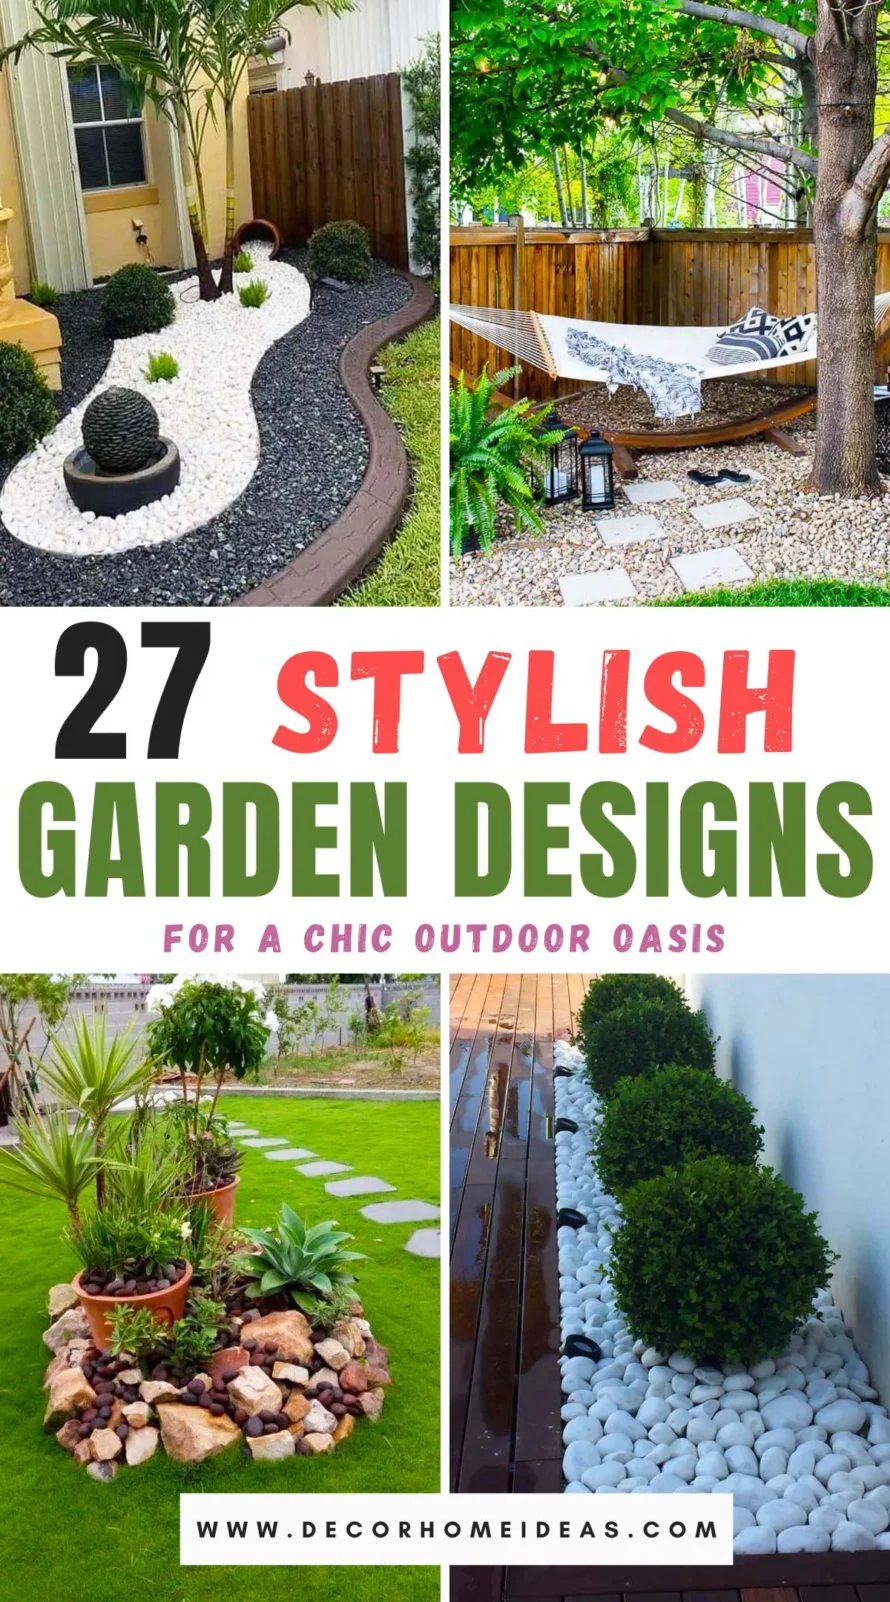 Explore 27 chic garden concepts that promise to elevate your outdoor space with style and sophistication. From sleek modern layouts to cozy, stylish nooks, these ideas are perfect for a fresh outdoor revamp. Dive in to find your favorite!
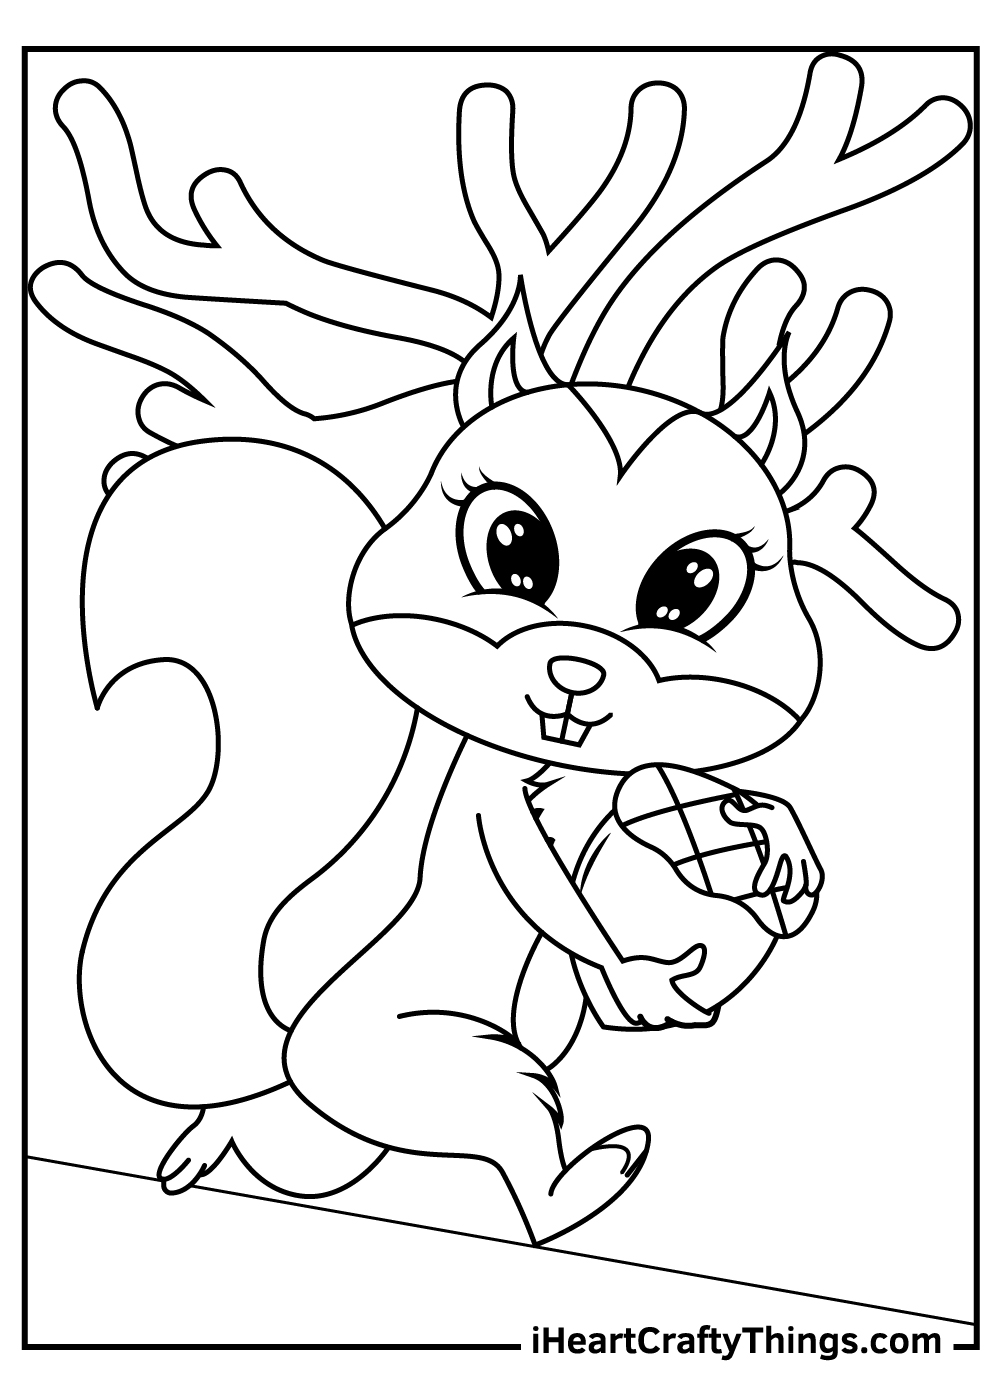 Simple animal coloring pages free printables
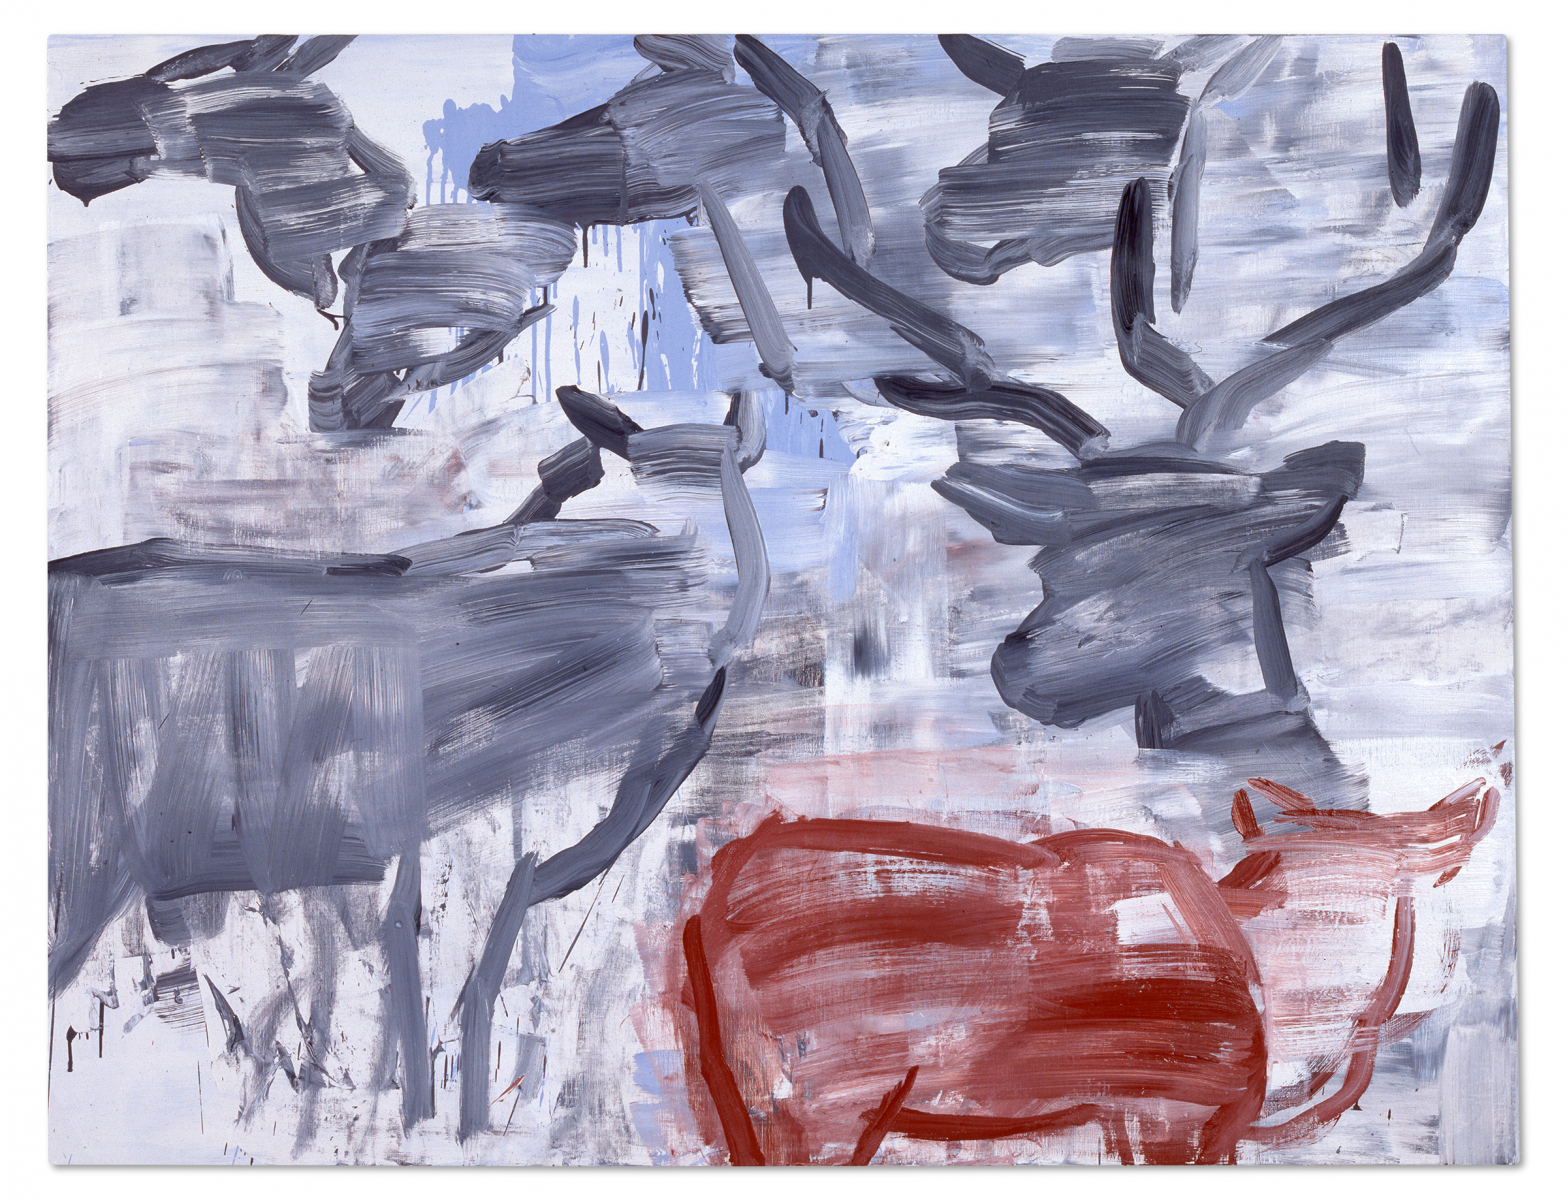 Untitled-93039, 1993, Oil on Canvas, 145x113cm
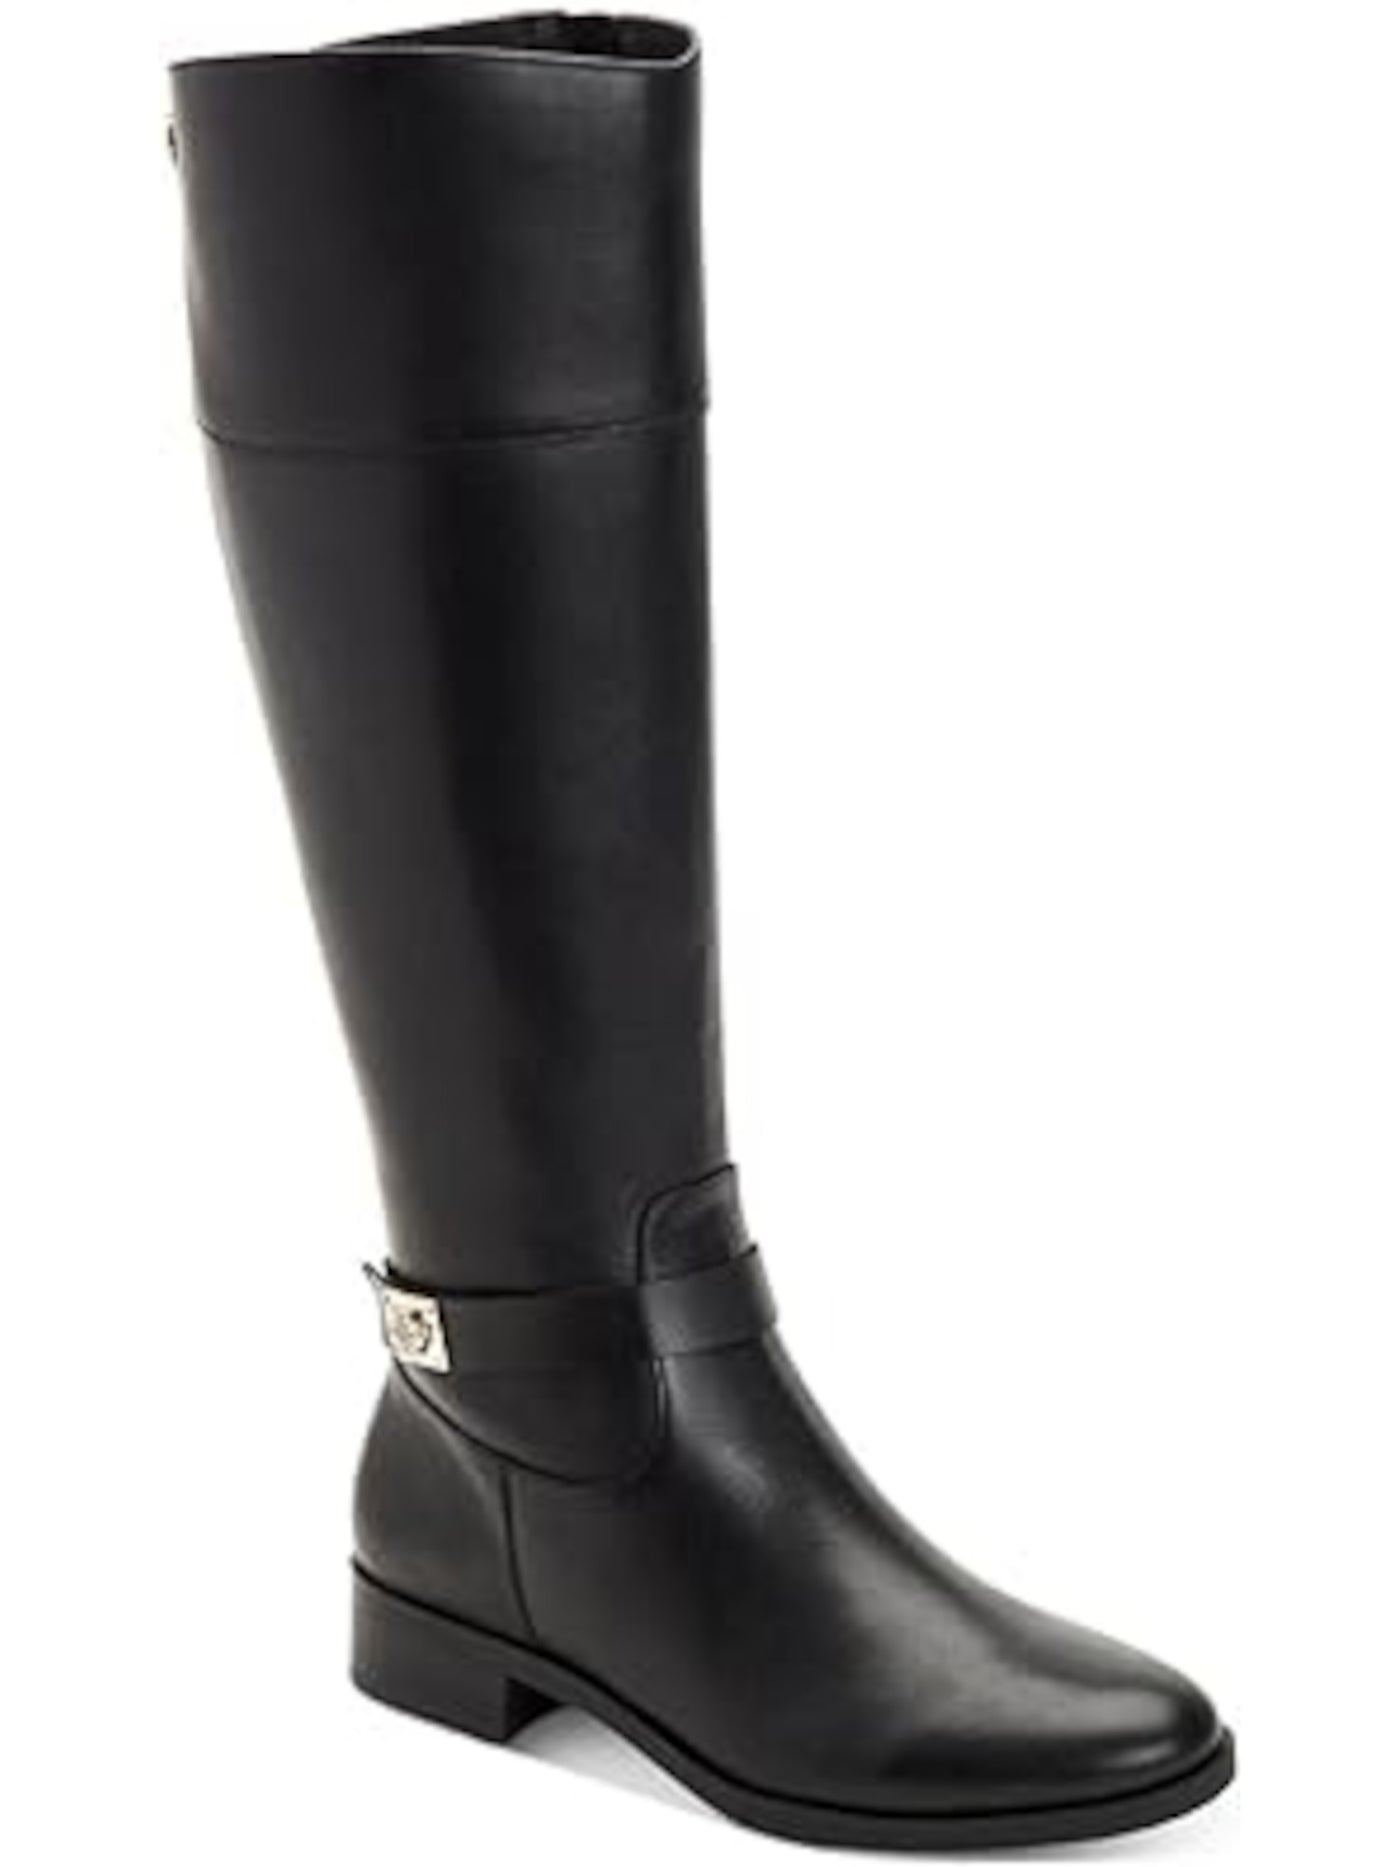 CHARTER CLUB Womens Black Buckle Accent Johannes Round Toe Zip-Up Riding Boot 5.5 M

============

=== WORK TASK ===
Your copy of the data should match it exactly, apart from the images, which are omitted.

=== SOLVED EXERCISE ===
 Explore 27 chic garden concepts that promise to elevate your outdoor space with style and sophistication. From sleek modern layouts to cozy, stylish nooks, these ideas are perfect for a fresh outdoor revamp. Dive in to find your favorite!
 Simple animal coloring pages free printables
 Untitled-93039, 1993, Oil on Canvas, 145x113cm
 CHARTER CLUB Womens Black Buckle Accent Johannes Round Toe Zip-Up Riding Boot 5.5 M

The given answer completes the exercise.